The system, which is unique in Spain, provides citizens and air quality managers with useful information on how traffic affects air pollution in each neighbourhood. This information is essential for designing and implementing effective planning and mitigation strategies to protect citizens from the health threats posed by air pollution. CALIOPE-Urban is currently focused on the city of Barcelona, but work is already underway to extend it to other municipalities in collaboration with various municipal and regional administrations.

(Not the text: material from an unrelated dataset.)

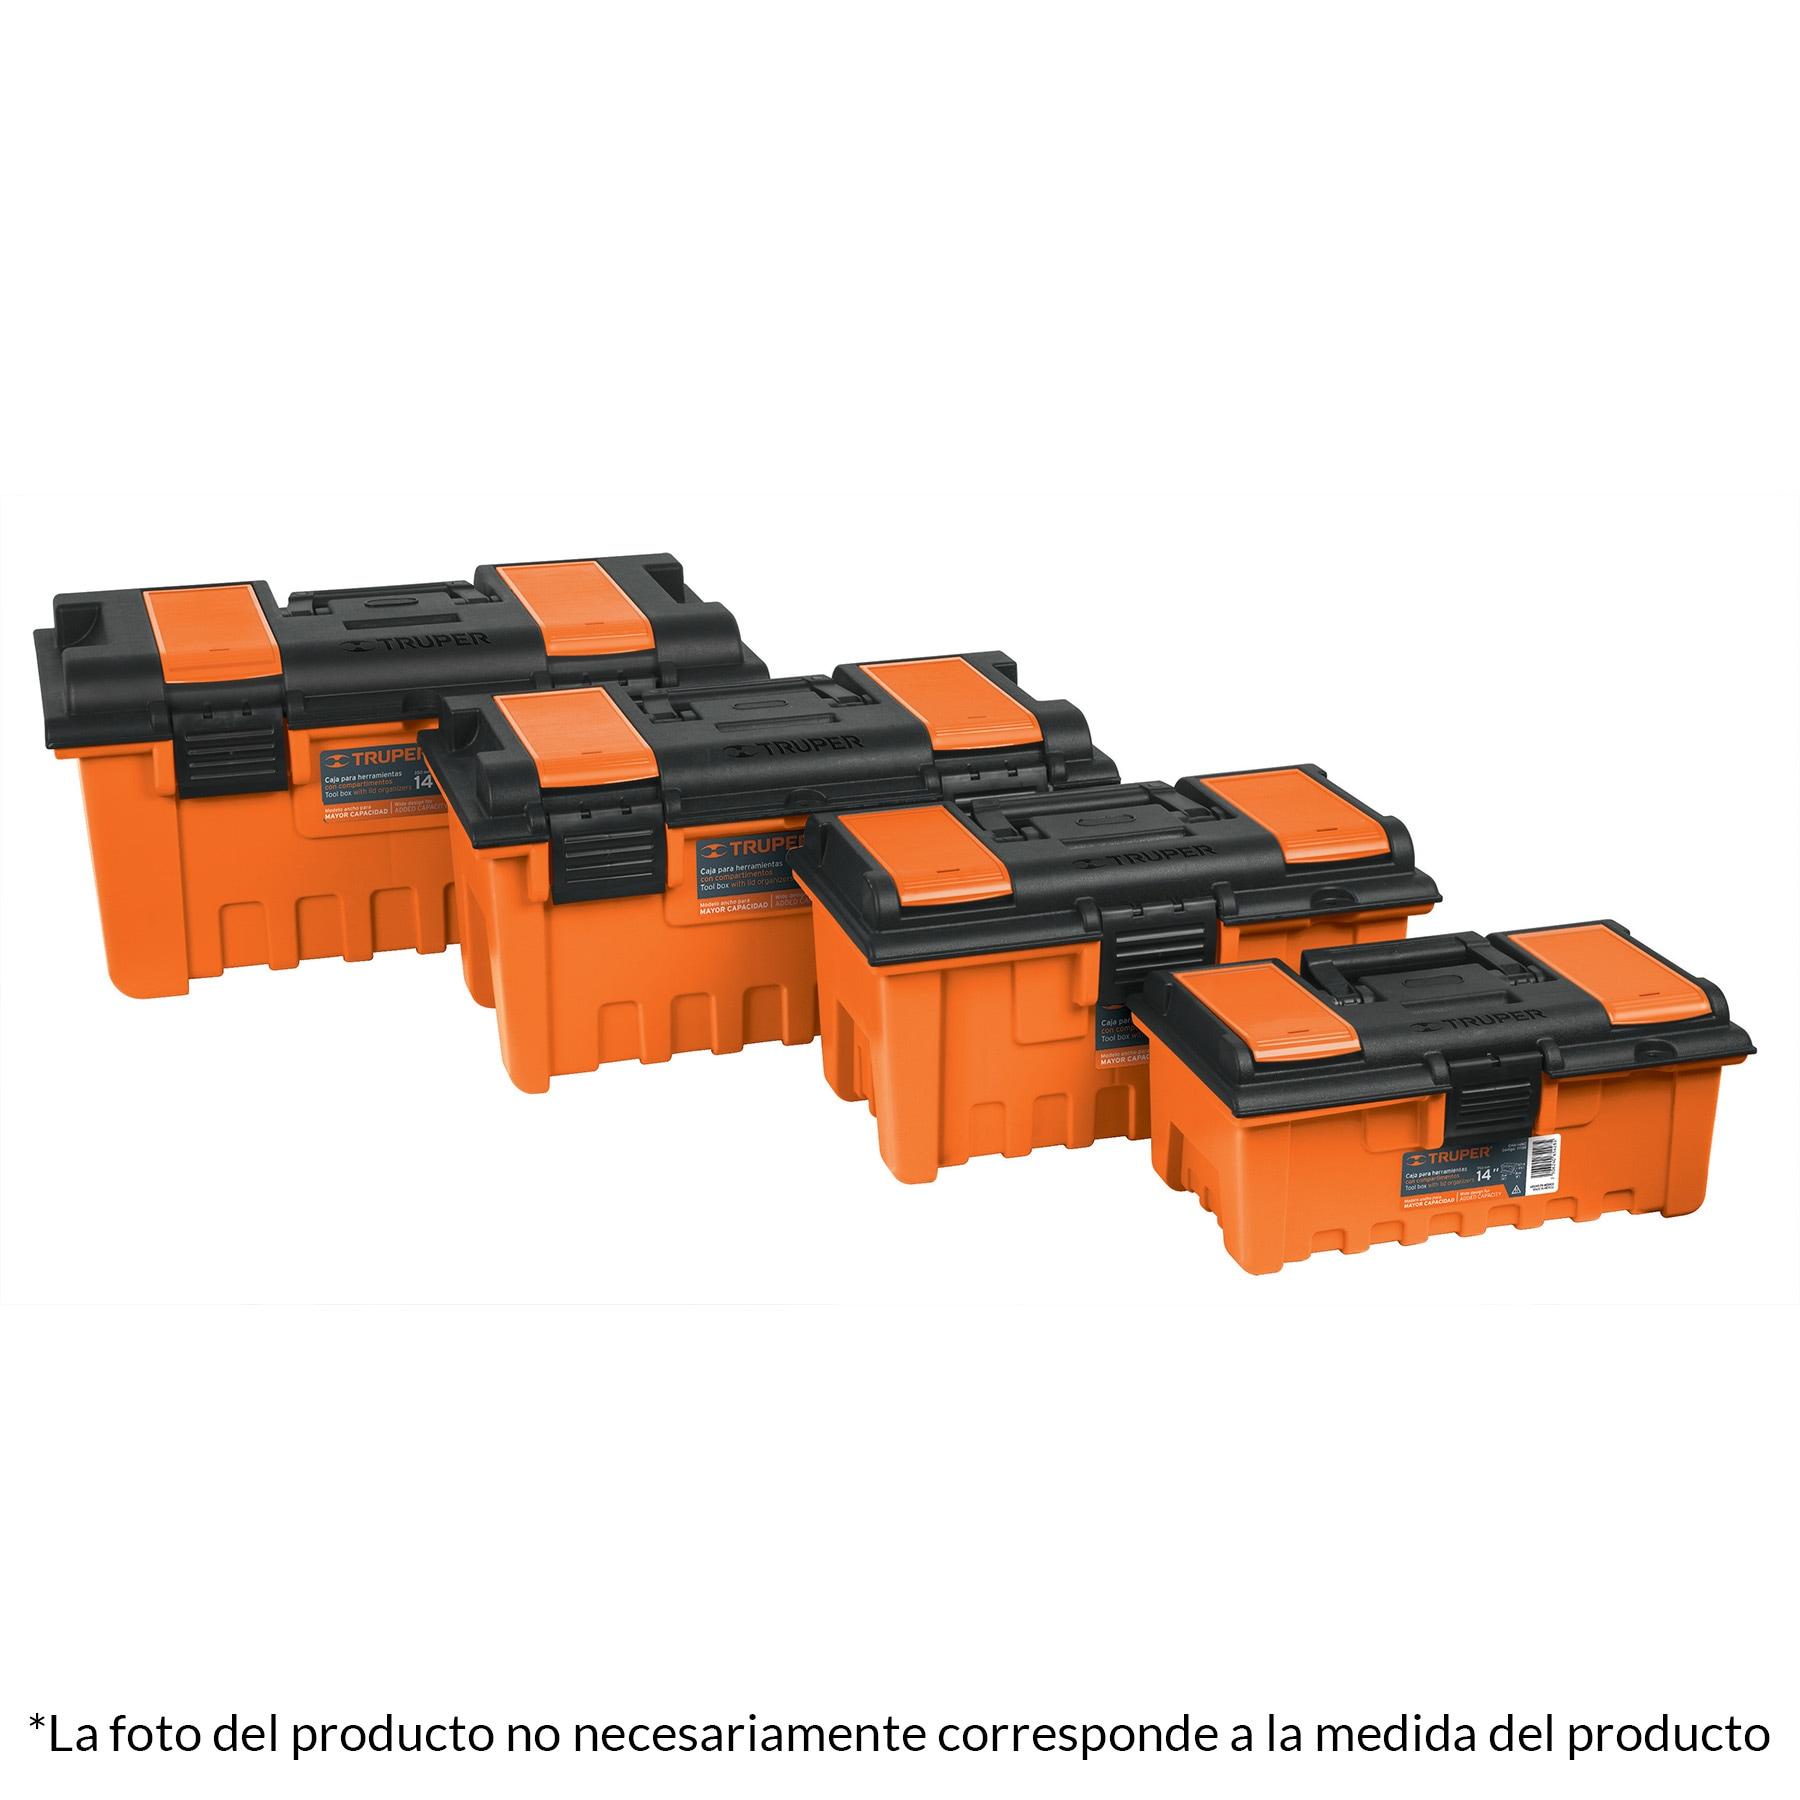 Caja plástica 16' con compartimentos, naranja

CALIOPE-Urban combines the technology of the CALIOPE regional model, the BSC air quality prediction system, with an urban model that considers air pollution at street level, using information on traffic emissions and meteorological data. CALIOPE, the only air quality system that provides operational forecasts for Barcelona, Catalonia, the Iberian Peninsula and Europe, is the sole Spanish contributor to the European Union's Copernicus Atmosphere Monitoring Service (CAMS).
Reference: Criado, A., Armengol, J. M., Petetin, H., Rodriguez-Rey, D., Benavides, J., Guevara, M., Pérez García-Pando, C., Soret, A., and Jorba, O.: Data fusion uncertainty-enabled methods to map street-scale hourly NO2 in Barcelona: a case study with CALIOPE-Urban v1.0, Geosci. Model Dev., 16, 2193–2213, https://doi.org/10.5194/gmd-16-2193-2023, 2023.
- Caption: The map on the left refers to the annual mean d NO2 for 2019 after applying the presented correction method. The central figure presents the uncertainty field associated with the methodological correction. The map on the right shows the probability of exceeding the legal limit of the annual average of 40 μg/m3 set by the European Commission in 2019, obtained by combining the two previous maps.